-- Exercise data --
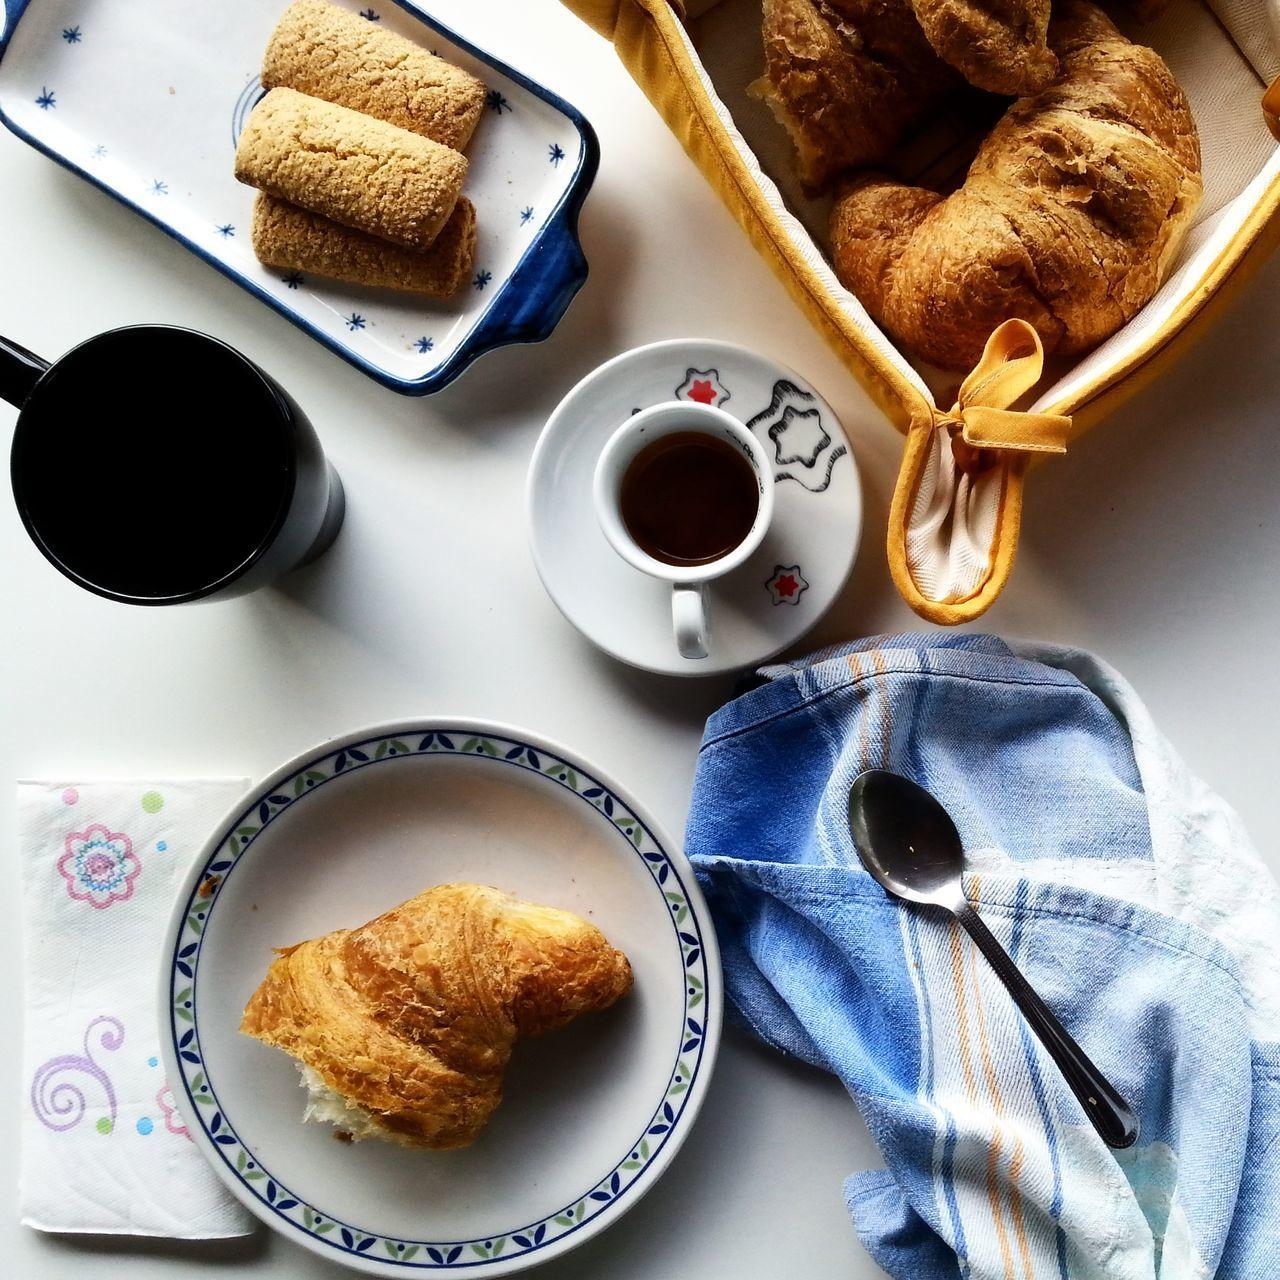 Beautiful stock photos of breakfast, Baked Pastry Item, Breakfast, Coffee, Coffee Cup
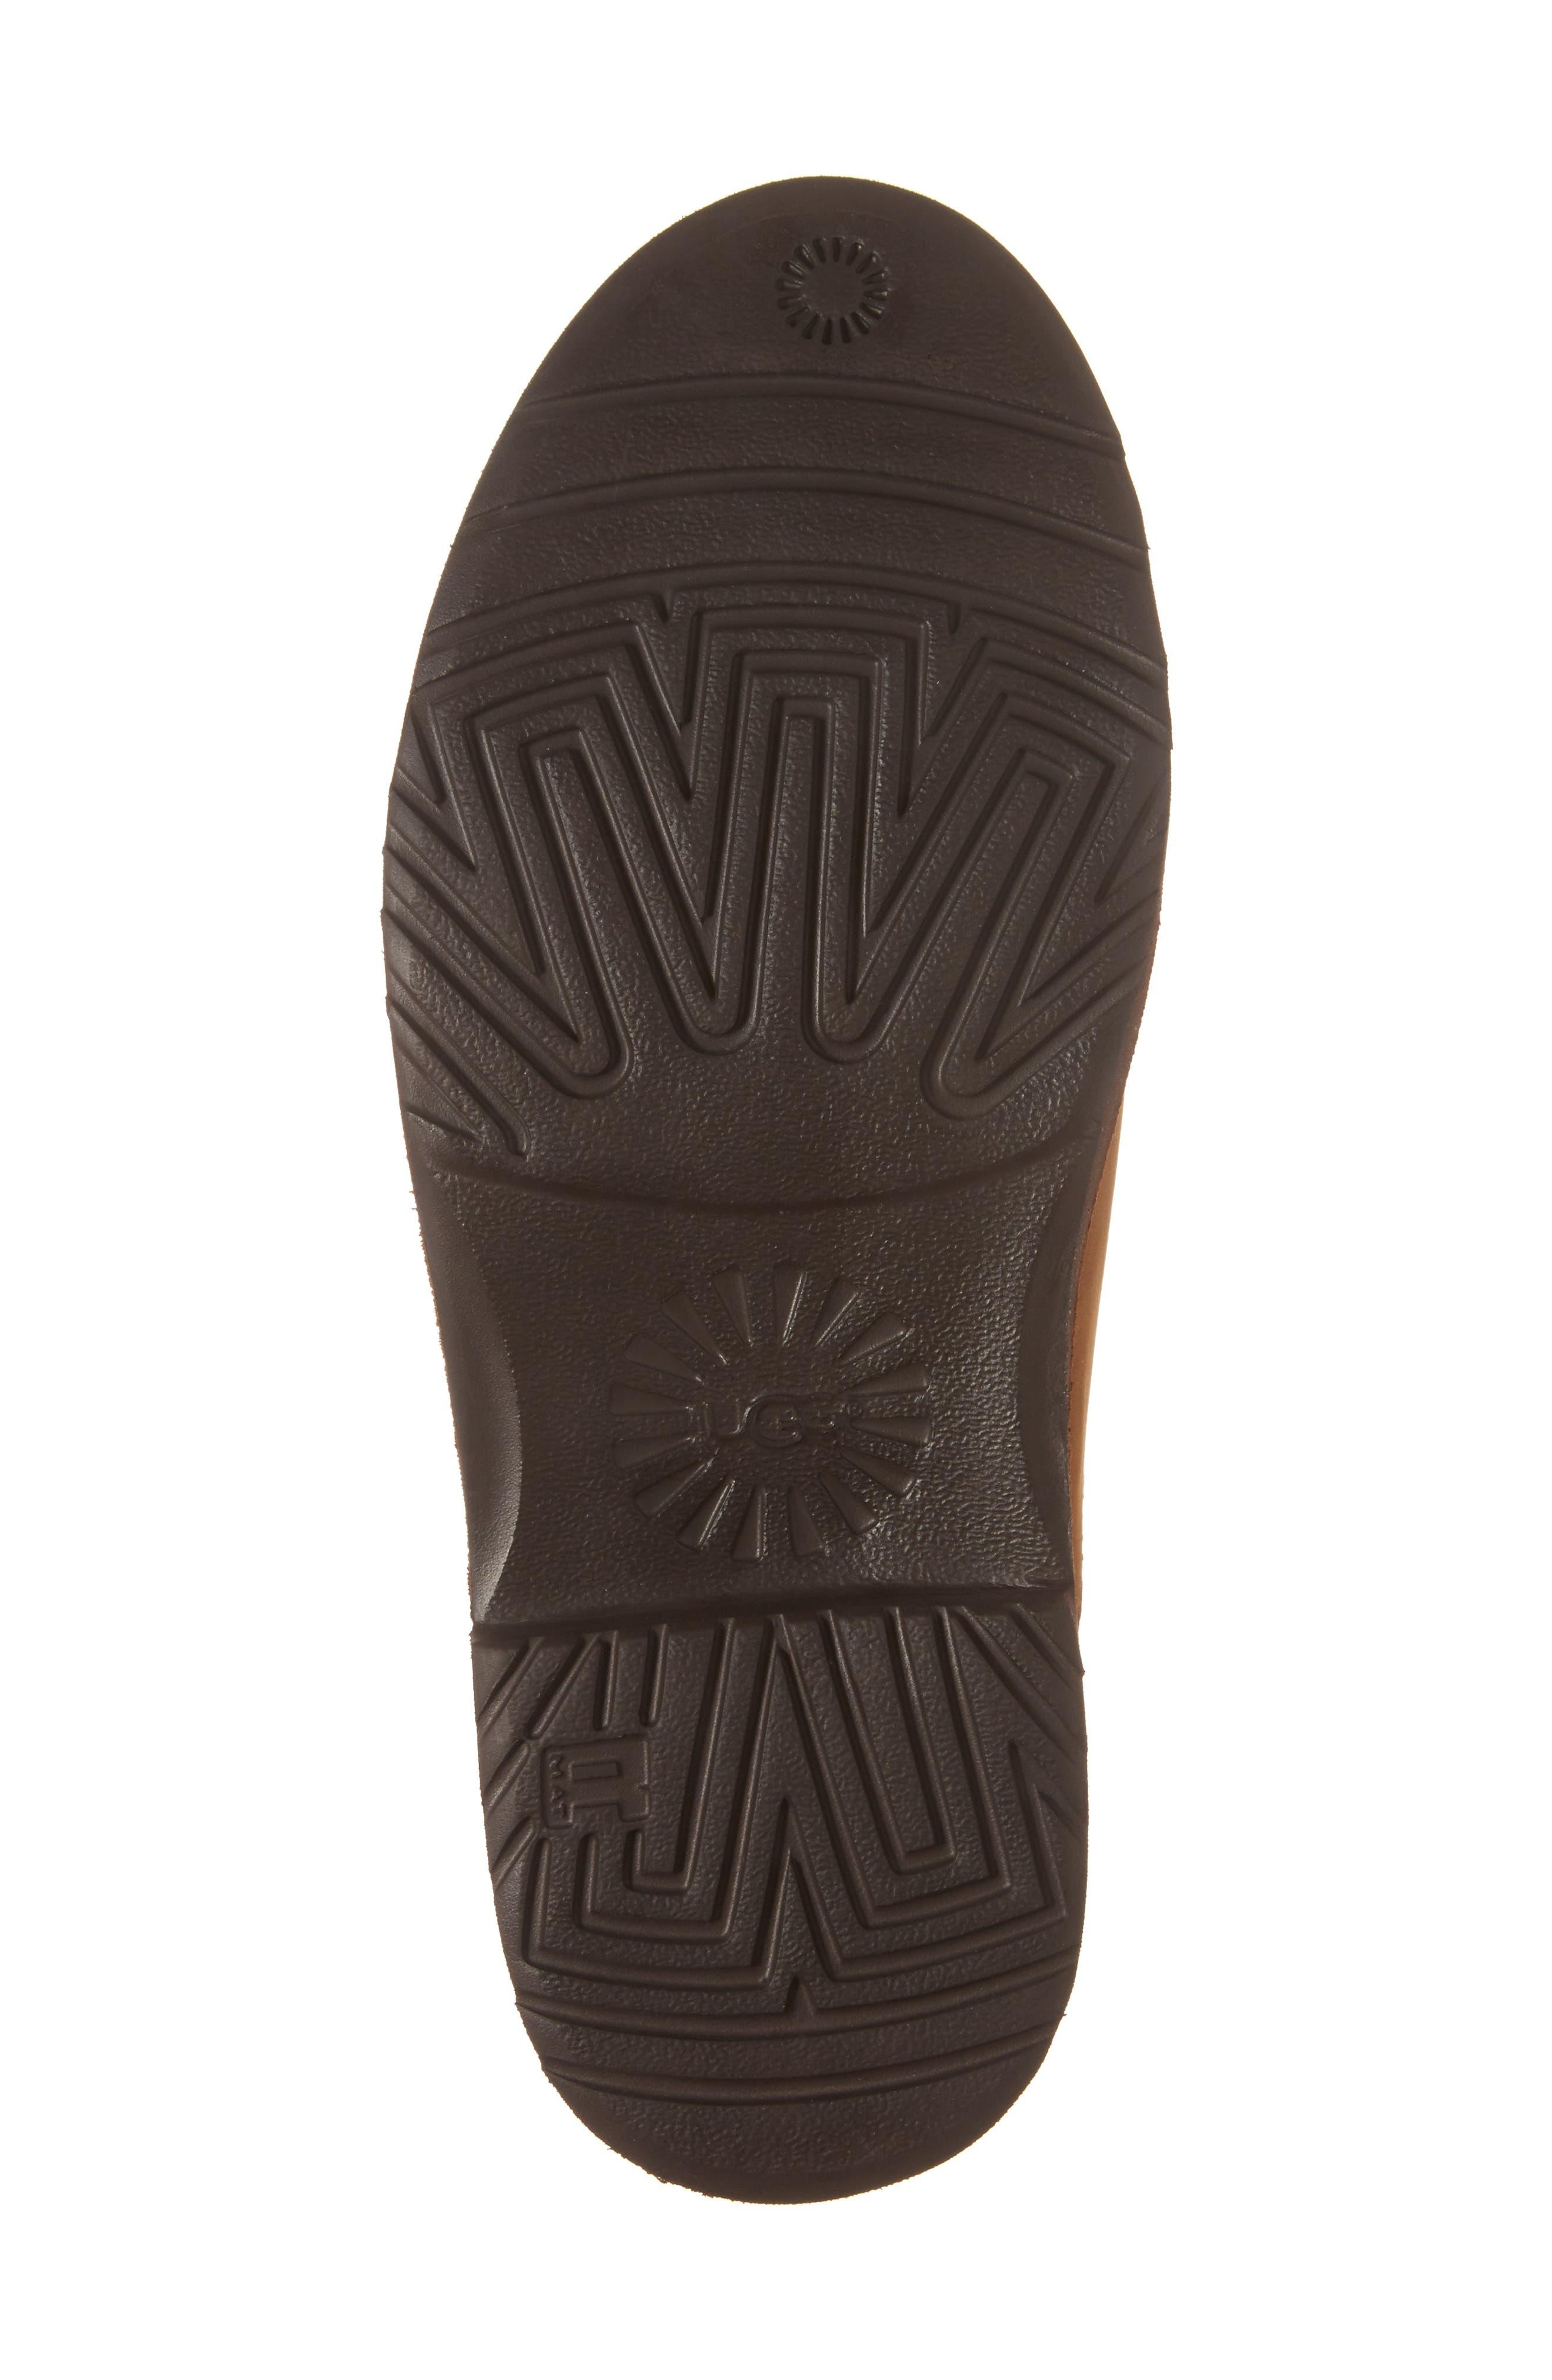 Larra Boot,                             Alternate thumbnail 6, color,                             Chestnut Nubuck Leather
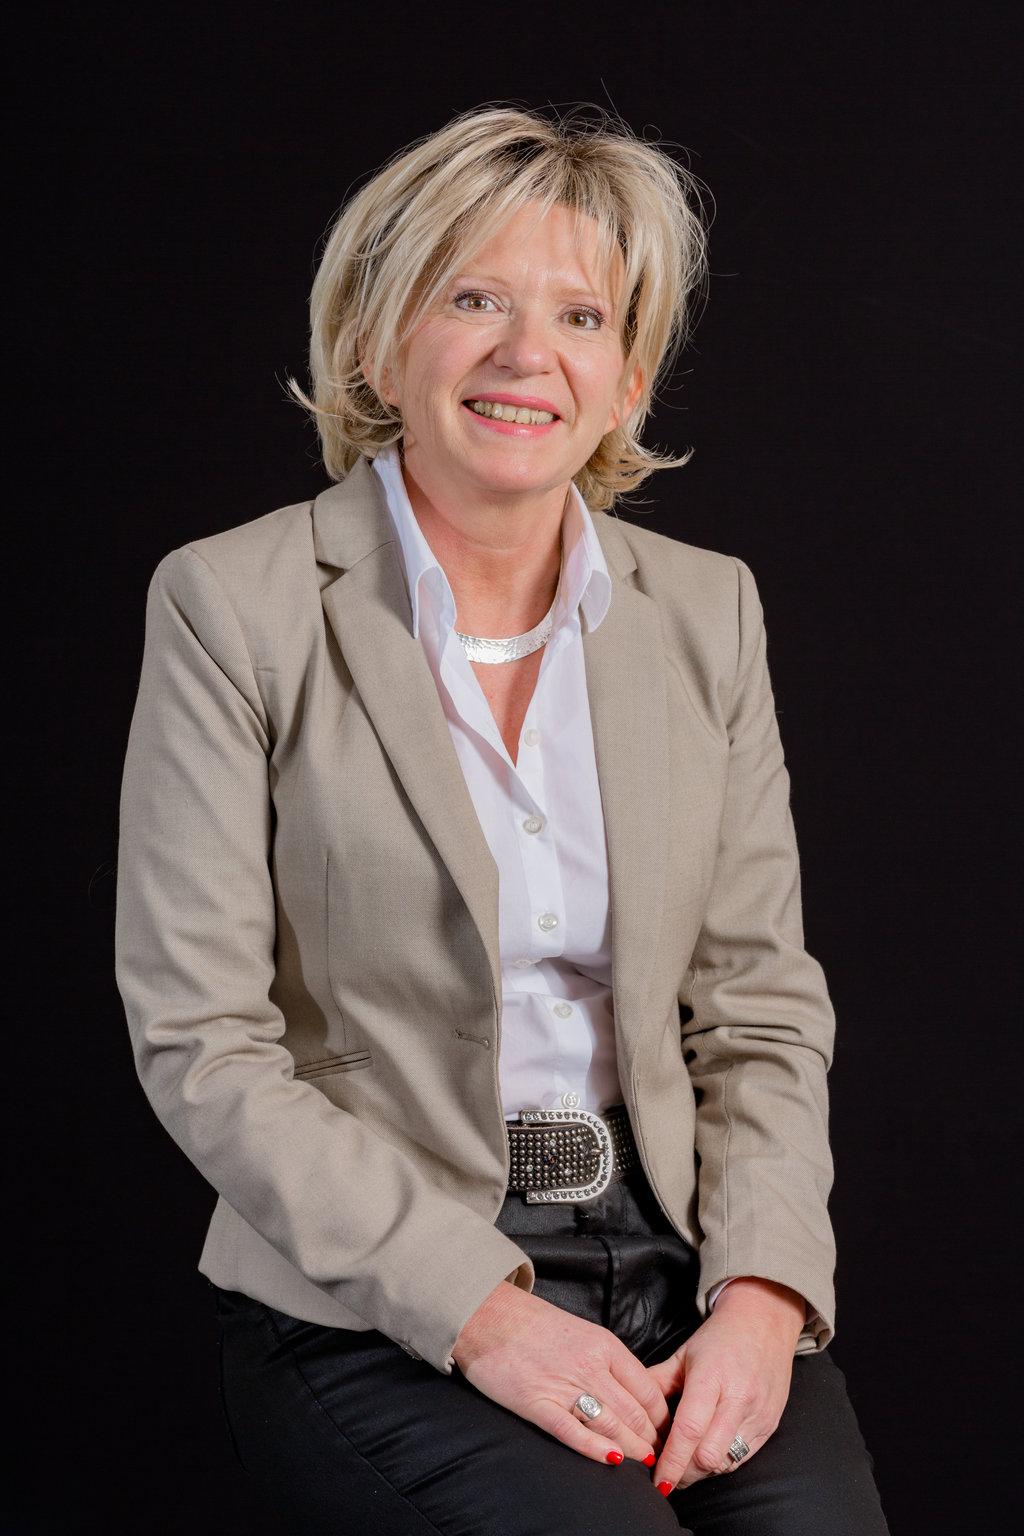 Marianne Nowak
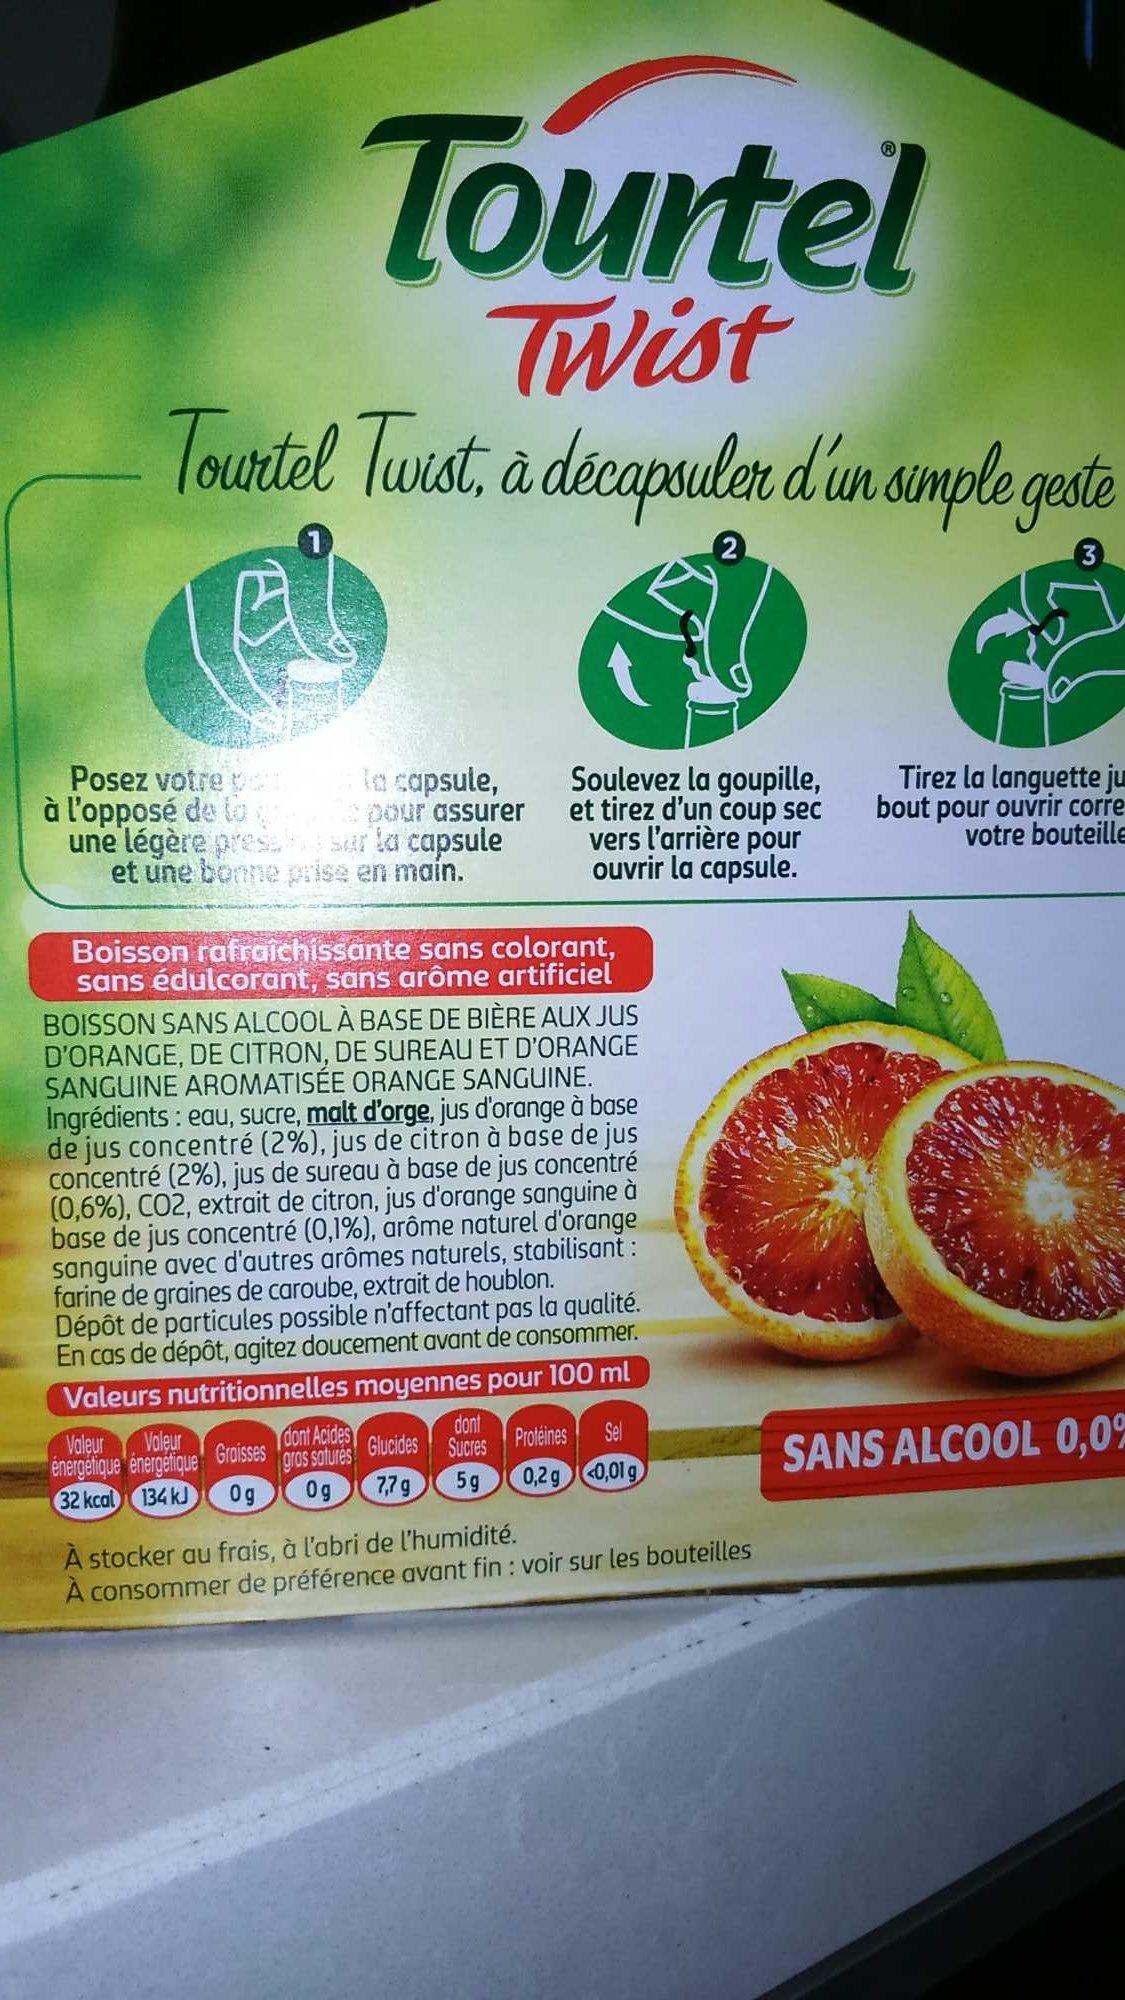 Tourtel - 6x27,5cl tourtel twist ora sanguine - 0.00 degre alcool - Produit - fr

-- Required work --
Would you write out the material above in full, exactly as given, except for its pictures?

-- Answer to the problem --
 Beautiful stock photos of breakfast, Baked Pastry Item, Breakfast, Coffee, Coffee Cup
 Larra Boot,                             Alternate thumbnail 6, color,                             Chestnut Nubuck Leather
 Marianne Nowak
 Tourtel - 6x27,5cl tourtel twist ora sanguine - 0.00 degre alcool - Produit - fr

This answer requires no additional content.